▶ **Exercise objective**
Shown below are entries with pictures; the line with "Zdjęcie przedstawia skutki" through the line with "признаки скарлатины у детей фото сыпи" is the span to retype exactly, and the pictures stay out.

▶ **Records for the task**

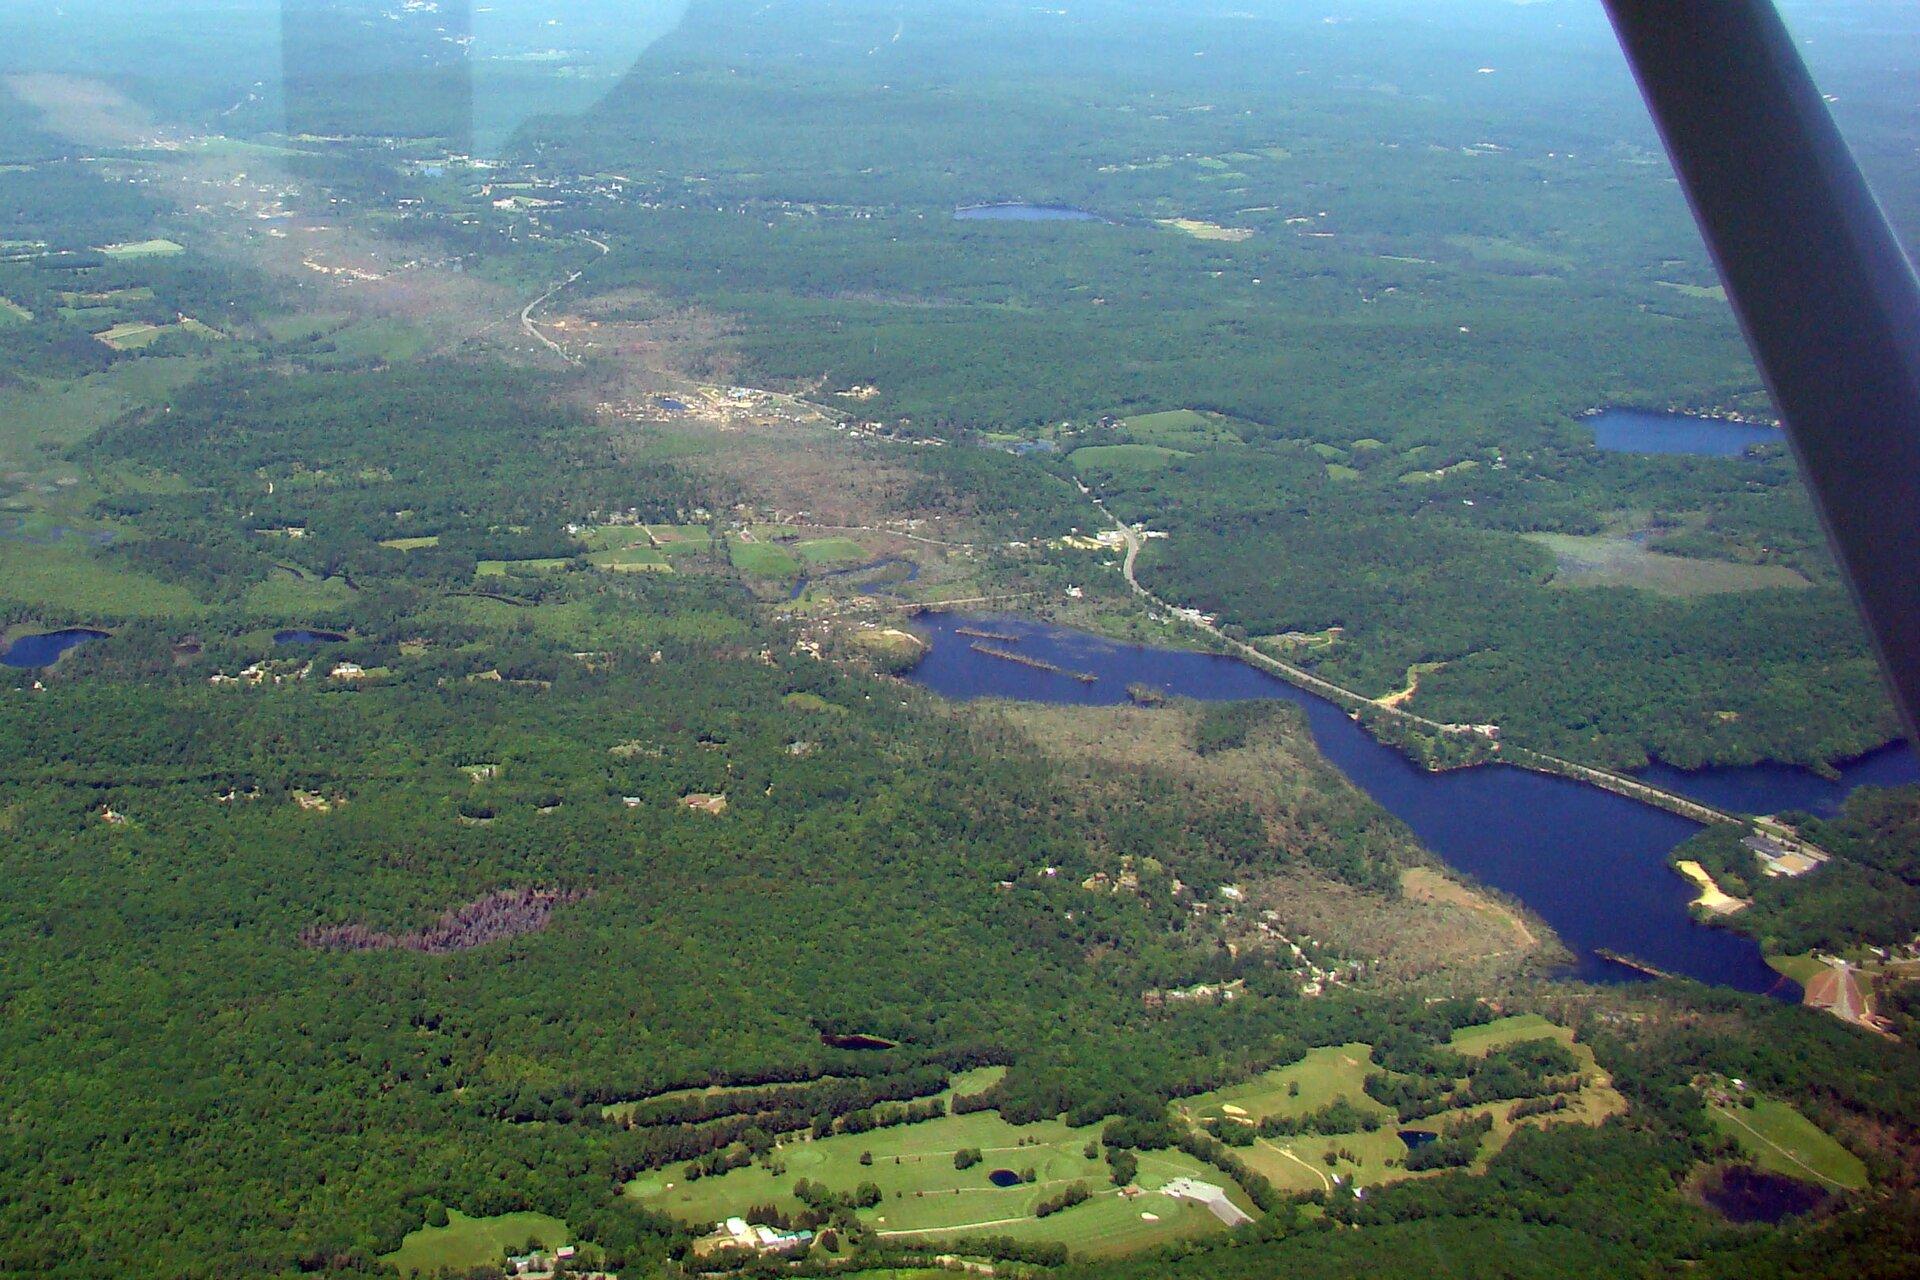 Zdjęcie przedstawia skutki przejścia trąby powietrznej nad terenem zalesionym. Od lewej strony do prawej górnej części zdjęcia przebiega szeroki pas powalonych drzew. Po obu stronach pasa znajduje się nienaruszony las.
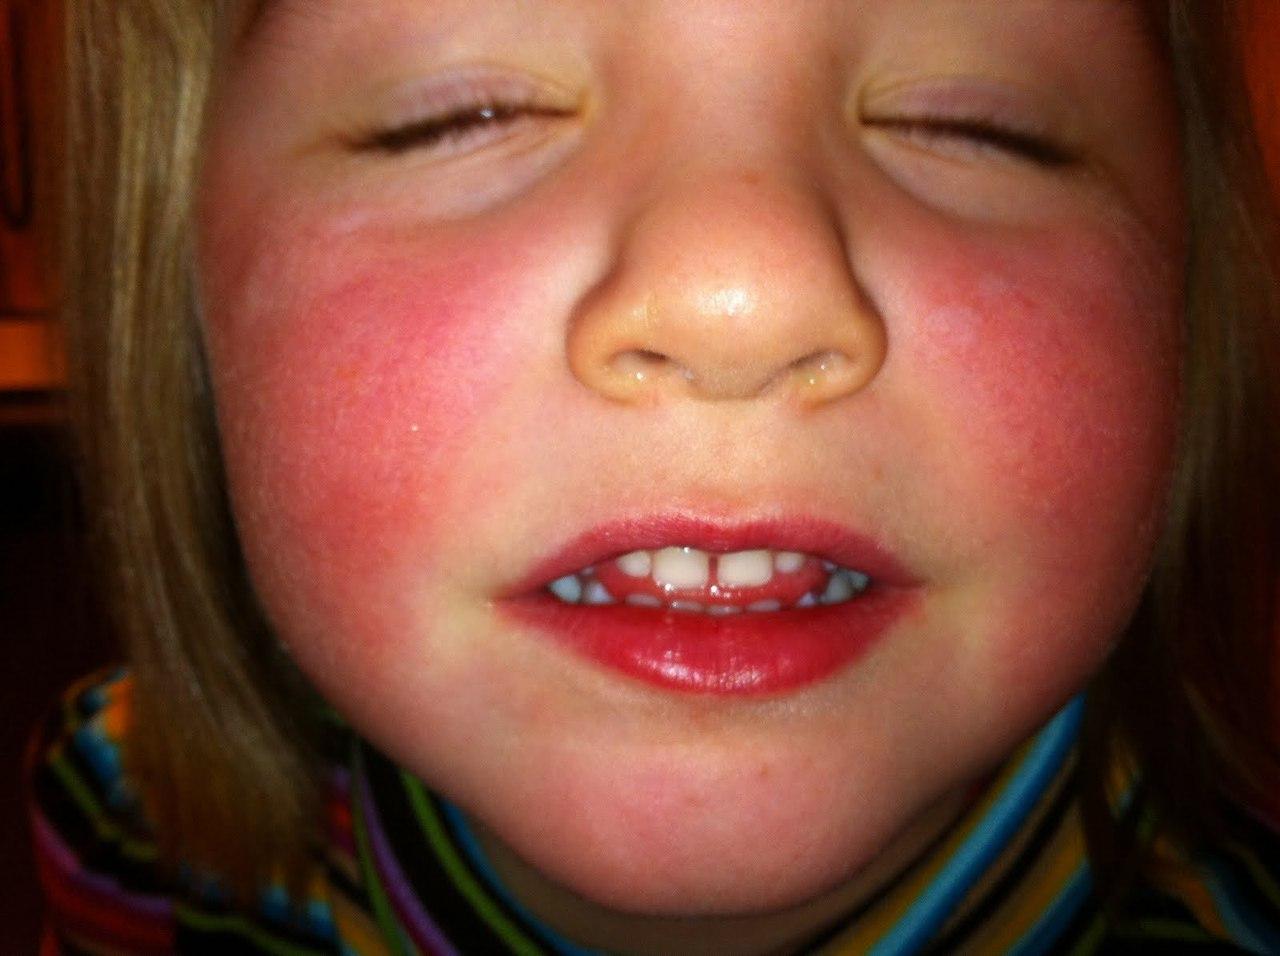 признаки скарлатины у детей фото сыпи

==

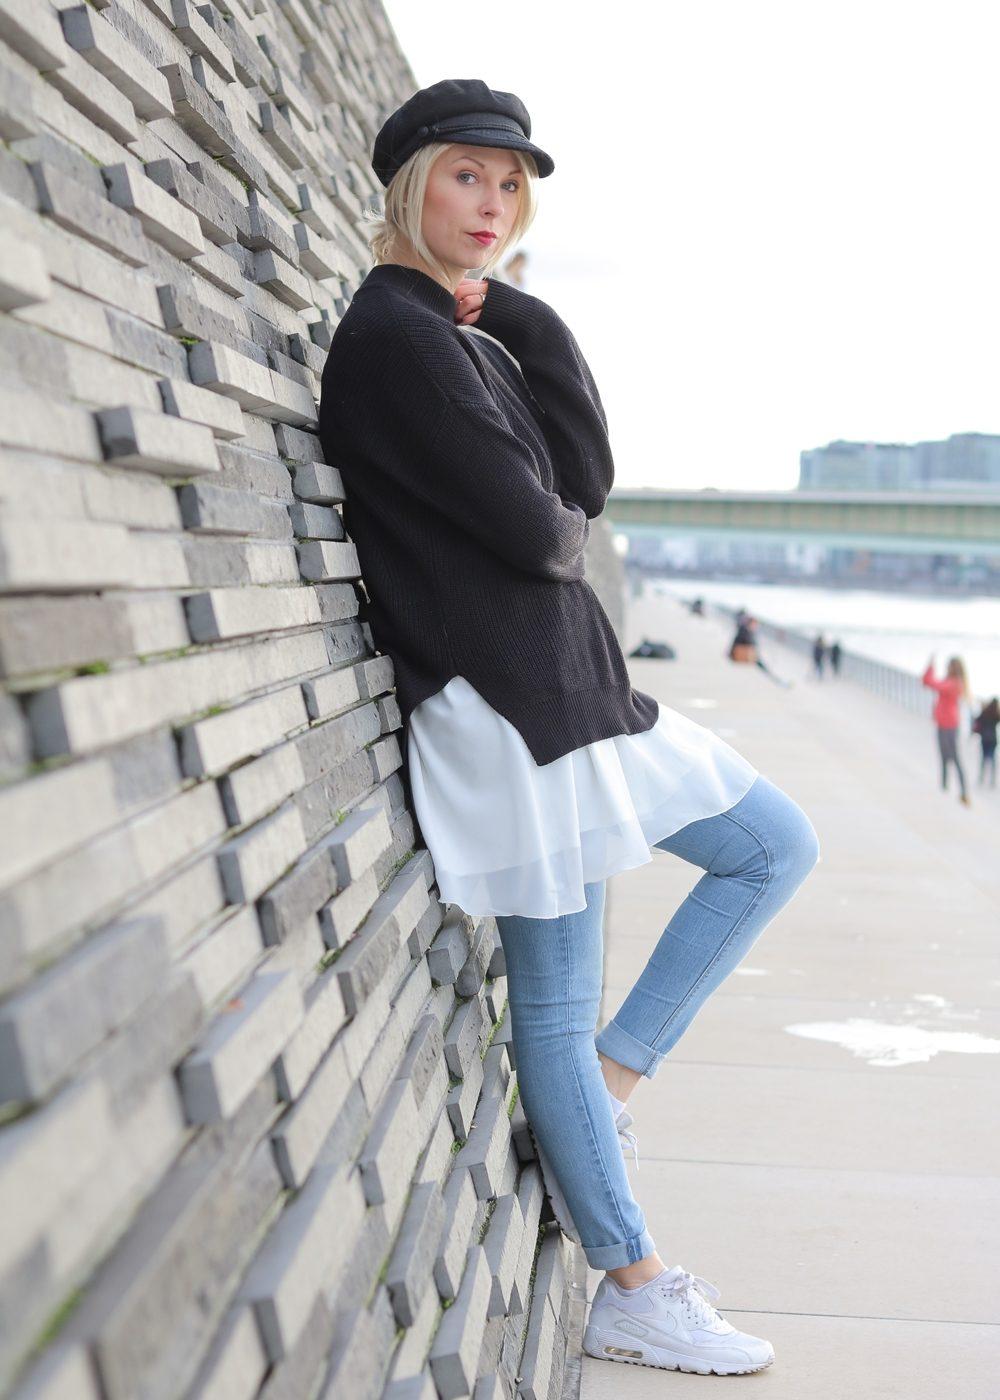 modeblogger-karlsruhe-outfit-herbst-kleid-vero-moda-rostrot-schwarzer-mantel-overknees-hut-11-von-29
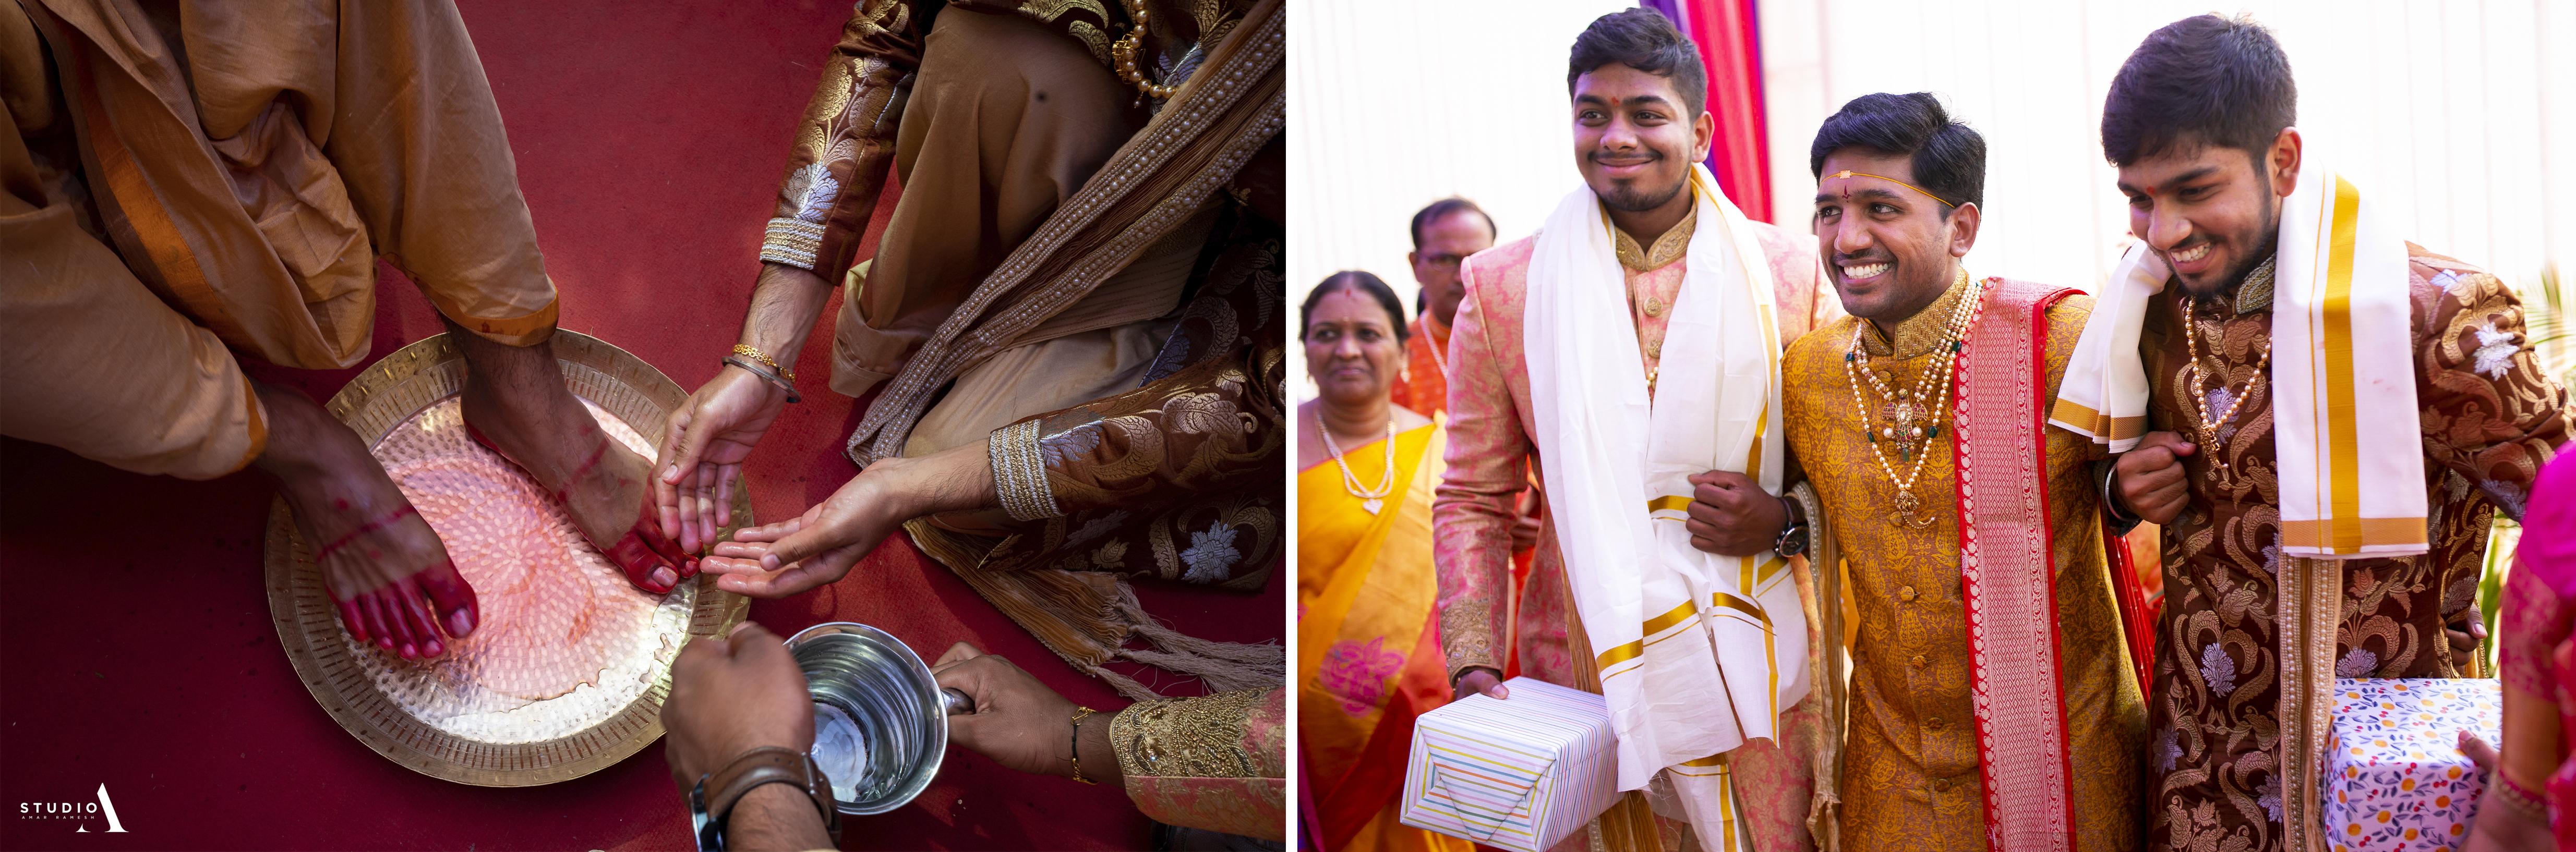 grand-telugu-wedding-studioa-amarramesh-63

--

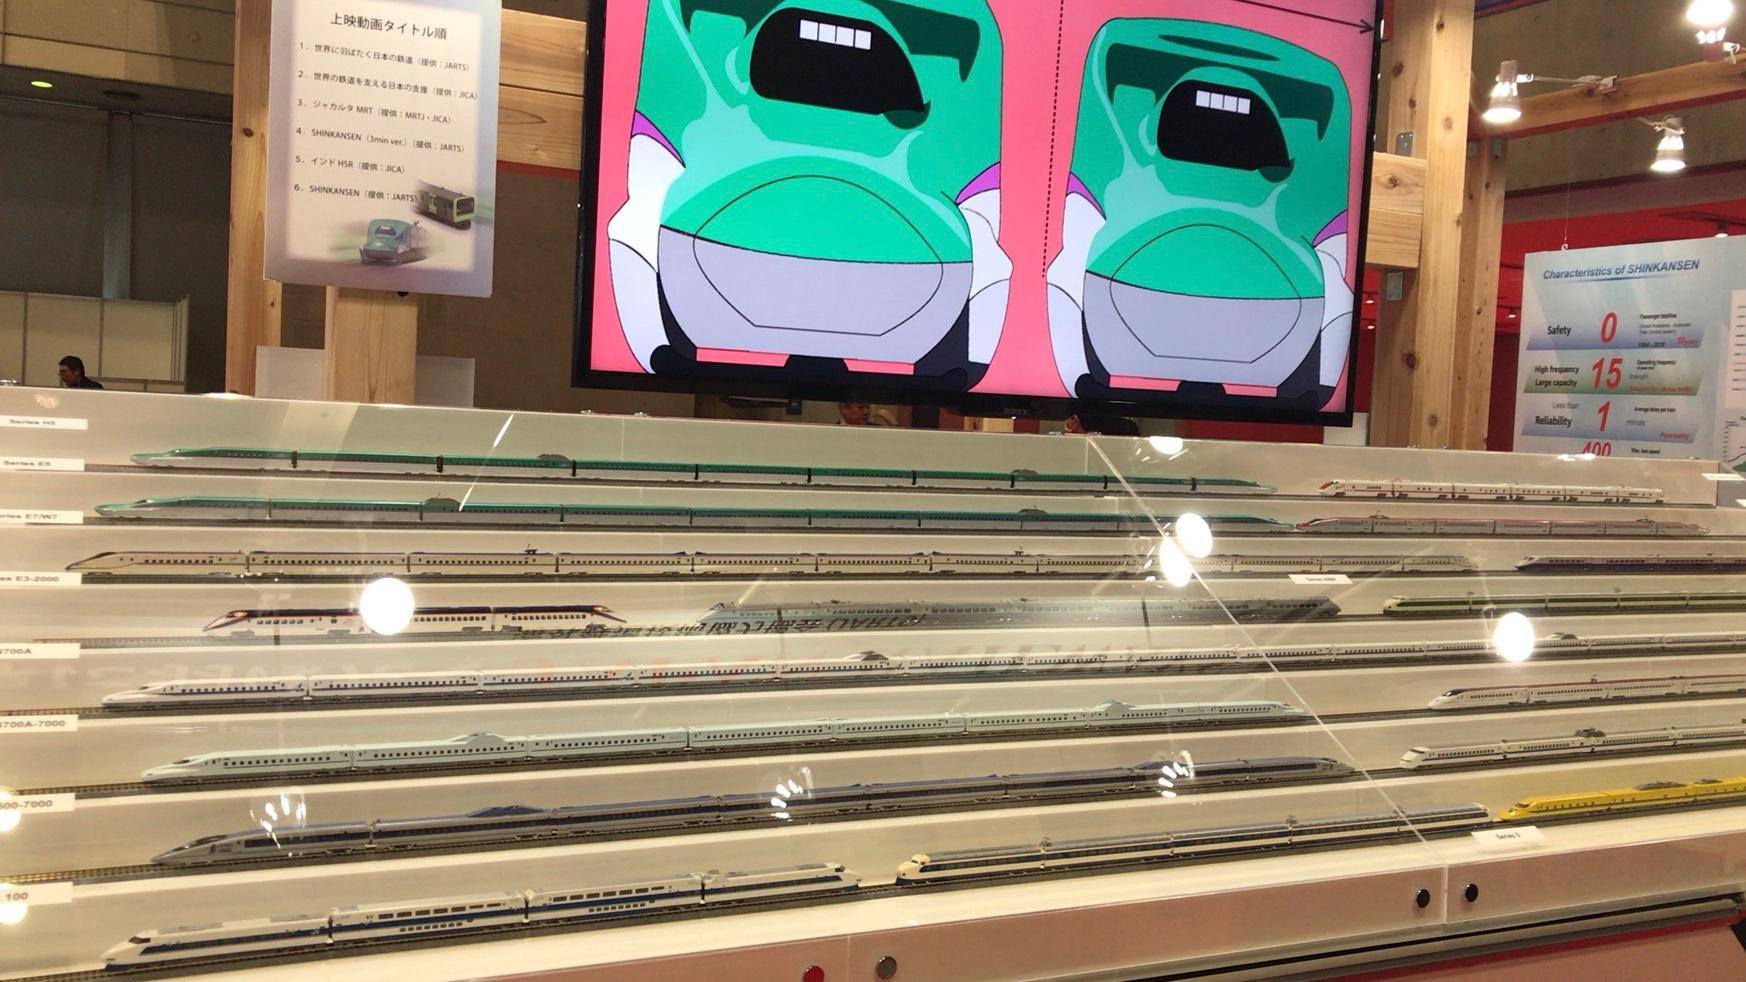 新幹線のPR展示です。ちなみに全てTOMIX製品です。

▶ **Exercise output**
 Zdjęcie przedstawia skutki przejścia trąby powietrznej nad terenem zalesionym. Od lewej strony do prawej górnej części zdjęcia przebiega szeroki pas powalonych drzew. Po obu stronach pasa znajduje się nienaruszony las.
 признаки скарлатины у детей фото сыпи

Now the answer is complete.